No, no, that’s the wrong emotion. There’s too much you don’t understand. You have to keep trying until they kill you.
He made a mental list of things to give him hope. He needed hope. Once this particular journey ended, they would extract his memory. That sounded ominous.
Concentrate, Cyrus. Start using your brain.
He didn’t know what was happening to the others, but he couldn’t dwell on that. He needed to take what he had—the data, as Argon might have said—and see what conclusions he could reach.
From his time in the Teleship’s observatory, he’d discovered that someone had carpet-nuked AS 412 III, the outermost Earth-like world. A ring of lasers around AS 412 II, the other Earth-like world, showed him the Kresh had enemies. The Imperium—whoever they were—had attacked New Eden from outside the system, or so it appeared. This Imperium had Web-Minds. Now that could have been a coincidental turn of phrase, or it could mean that Sol-created cyborgs had attacked the Kresh.
Nagasaki had told them before that the cyborgs at the end of the Solar War had possessed proto-Teleships. If cyborgs had escaped Sol in a Teleship, might they have tried to set up an empire way out here? He couldn’t know. But if they had, might they have encountered the Kresh?
Naturally, no one on Earth would have seen any of this. Probes traveled slower than the speed of light, and they sent messages back at light
speed. The only way to find this was how they had, in a Teleship.
If the cyborgs attacked the Kresh that meant cyborgs had Teleships or something like Teleships. And from Chengal Ras’s questions, the Kresh likely didn’t have Teleships or shift technology.
How can any of that help you here?
Cyrus figured it helped by giving him something to think about other than his coming memory extraction. The rest of the time, he endured. He inspected every inch of the cell. He had no idea how they made the walls appear and disappear and he could see no way they recorded or watched him in here. Didn’t they care what happened to him? Would they know if he tried to commit suicide?
Some of the time, he practiced mental exercises. He even used his psi-power aggressively, probing, trying to remove a wall. It didn’t work. He tried to contact Jasper or Roxie and failed to sense either. He practiced using his mind shield. He squatted, did thousands of sit-ups, pushups and found his already whipcord frame becoming even more lean.
Once, a moment of weightlessness came unexpectedly. It was such a relief, but it didn’t last long. If anything, the crushing Gs worsened afterward.
What does that tell you?
It wasn’t hard to figure out. The ship had accelerated, building up velocity. Now it must have turned around and decelerated, slowing the velocity so it could dock at High Station 3.

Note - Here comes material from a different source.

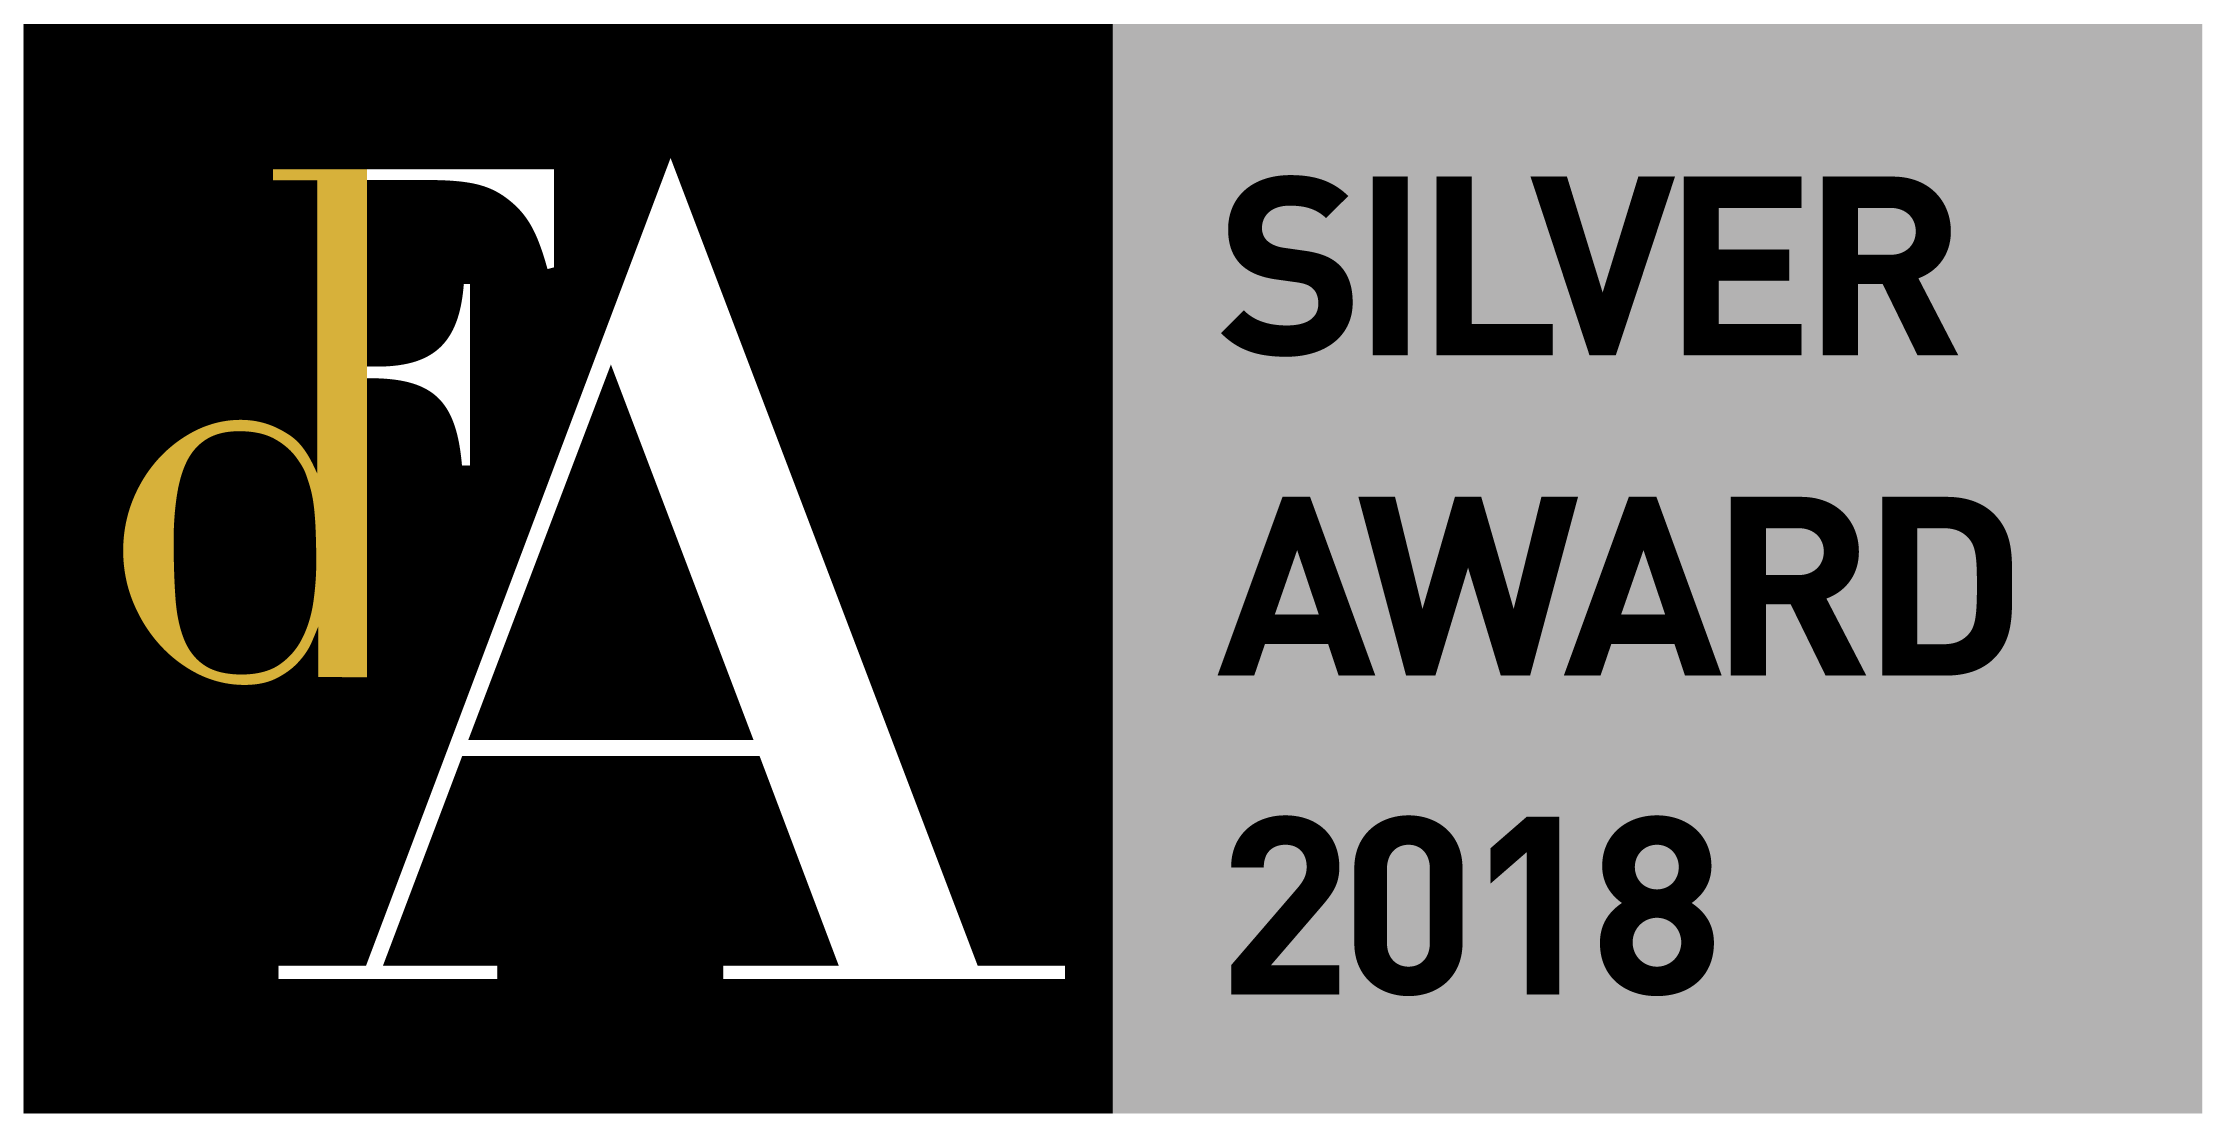 DFA Design for Asia Awards 2018 - Silver Award

Are we nearing one of the gas giants?
When he slept, his dreams worsened. Loneliness ate at him and his resolve hardened. He wasn’t going to enter the memory-extractor. No. He would make them kill him first. Thoughts of his death made him listless, and for several sleeps he skipped his exercises.
What are you doing, Cyrus? You’re giving up. Well, stop it! Get ready for the fight of your life. You may be the last one left from Discovery.
Sometimes, he wondered if he should just kill himself. No, he couldn’t do that. He had to fight. He’d never given up as a child. Why should he give up now that he was mentally tougher and in the best physical shape of his life?
He ran in place for as long as he could. Each step jolted him so soon the back of his neck hurt. He went over plans, practiced jabs and kicks, and patiently waited.